Falls and related injuries remain a concern for patient safety in many hospitals and nursing care facilities. In particular, reports examining the relationship between accidents and drugs with a sedative effect have been increasing; however, the analysis of correlation between the background factors of fall accidents and the detailed therapeutic category of drugs is insufficient.

OBJECTIVES:

Our objective was to estimate fall risk following the administration of hypnotics in inpatients within an acute hospital. We assessed the relationship between falls and hypnotic drugs compared with other medicines.

STUDY DESIGN AND SETTING:

An inpatient population-based study was carried out at Gunma University Hospital, where all inpatients admitted between 1 October and 31 December 2007 were included. Over a 3-month follow-up period, all reports of falling accidents from ward medical staff were investigated.

RESULTS AND DISCUSSION:

Falls occurred in 1.8% of males and 1.3% of females in the study population (n = 3,683). The mean age of patients who experienced falls (64.7 ± 19.5 years) was significantly higher than that of patients who did not (56.2 ± 20.2 years). Multivariate analysis revealed the following drugs as high-risk factors for falling: hypnotics (odds ratio [OR] 2.17, 95% CI 1.44-3.28), antiepileptics (OR 5.06, 95% CI 2.70-9.46), opioids (OR 3.91, 95% CI 2.16-7.10), anti-Alzheimer's (OR 5.74, 95% CI 1.62-20.3), anti-Parkinson's (OR 5.06, 95% CI 1.58-16.24), antidiabetics (OR 3.08, 95% CI 1.63-5.84), antihypertensives (OR 2.24, 95% CI 1.41-3.56), and antiarrhythmics (OR 2.82, 95% CI 1.36-5.86).

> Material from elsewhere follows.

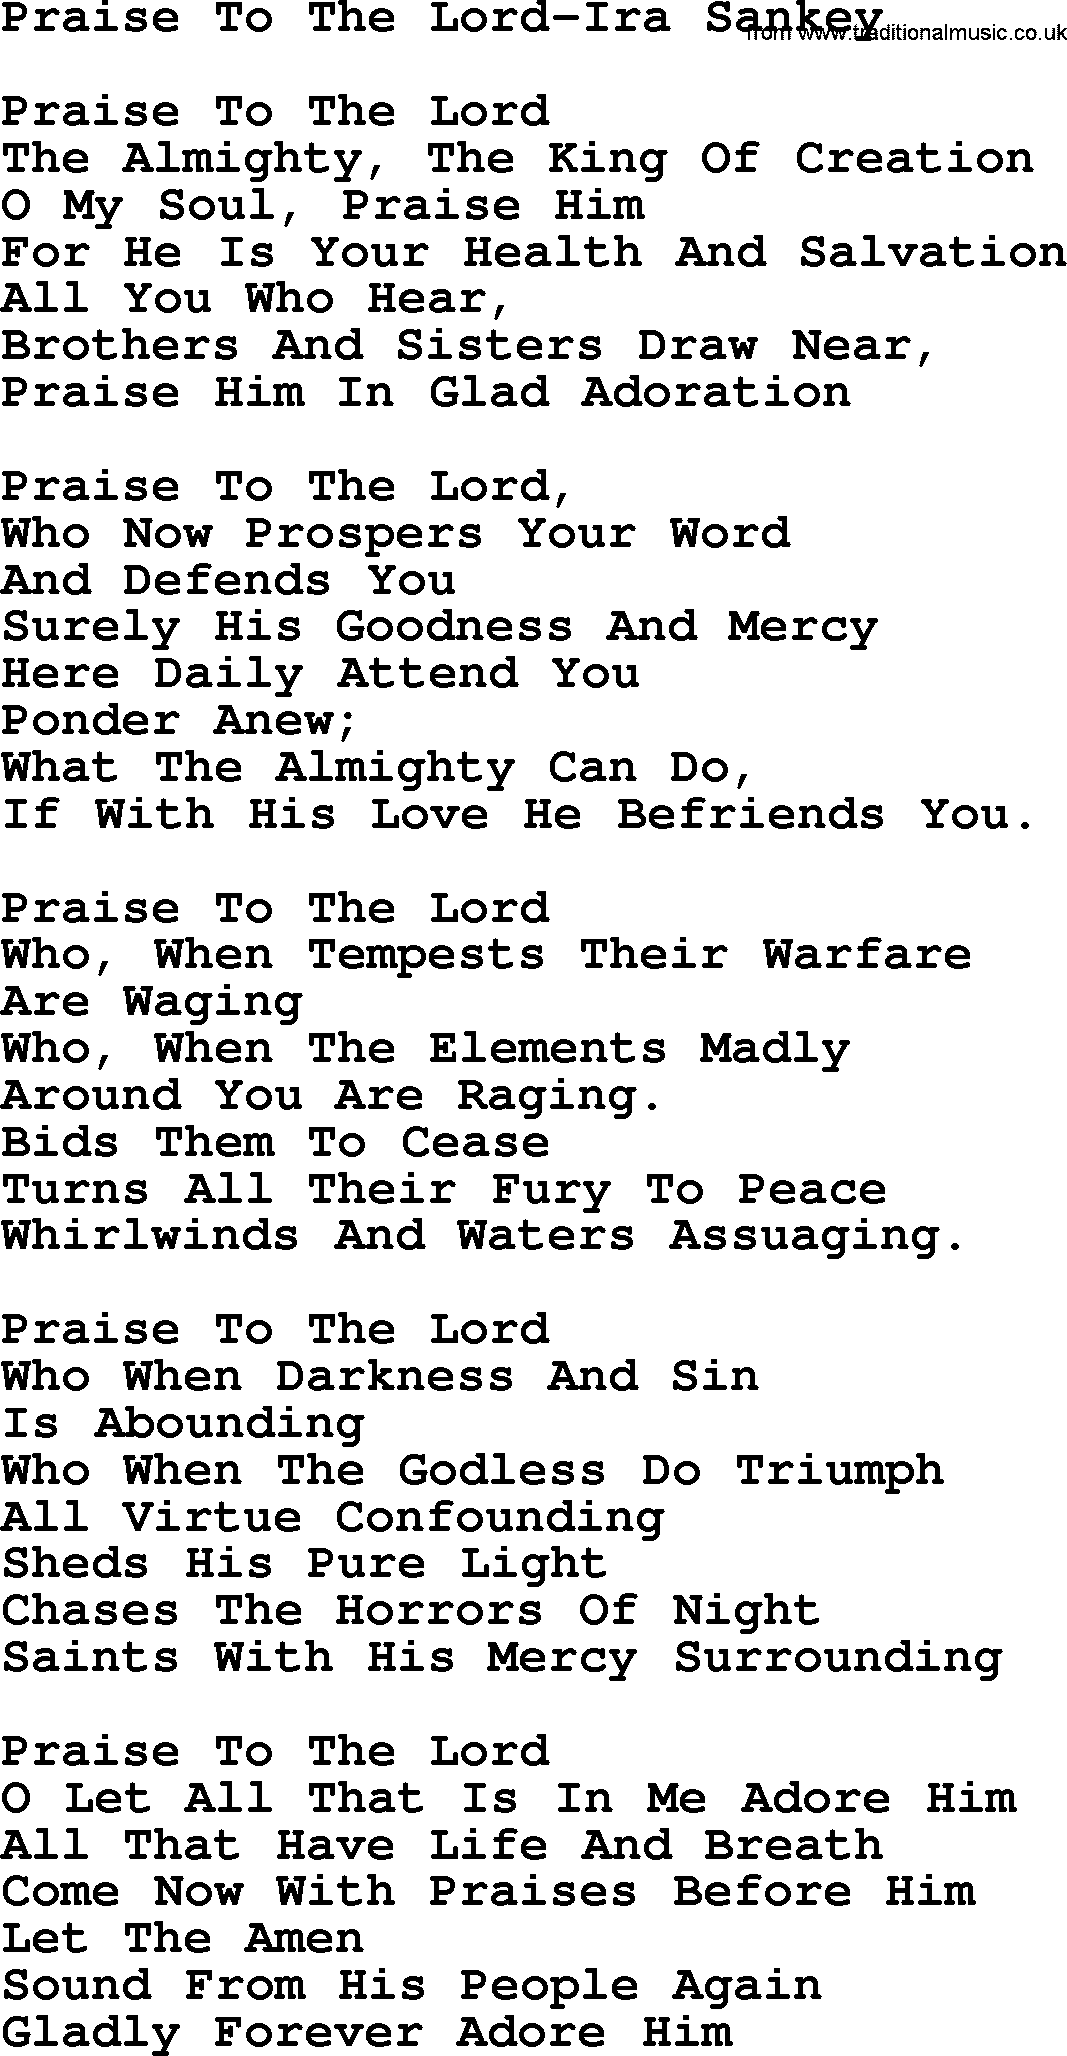 Ira Sankey hymn: Praise To The Lord-Ira Sankey, lyrics

Multivariate logistic regression analysis of hypnotics, brotizolam, zopiclone, and estazolam revealed a significant association with an increased risk of inpatient falling accidents, while zolpidem, triazolam, flunitrazepam, and nitrazepam did not.

CONCLUSION:

The present findings suggest that the risk of falling accidents in hospitals differs according to the type of hypnotic drug administered. The appropriate selection of hypnotic drugs, therefore, might be important for reducing the number of patient falls.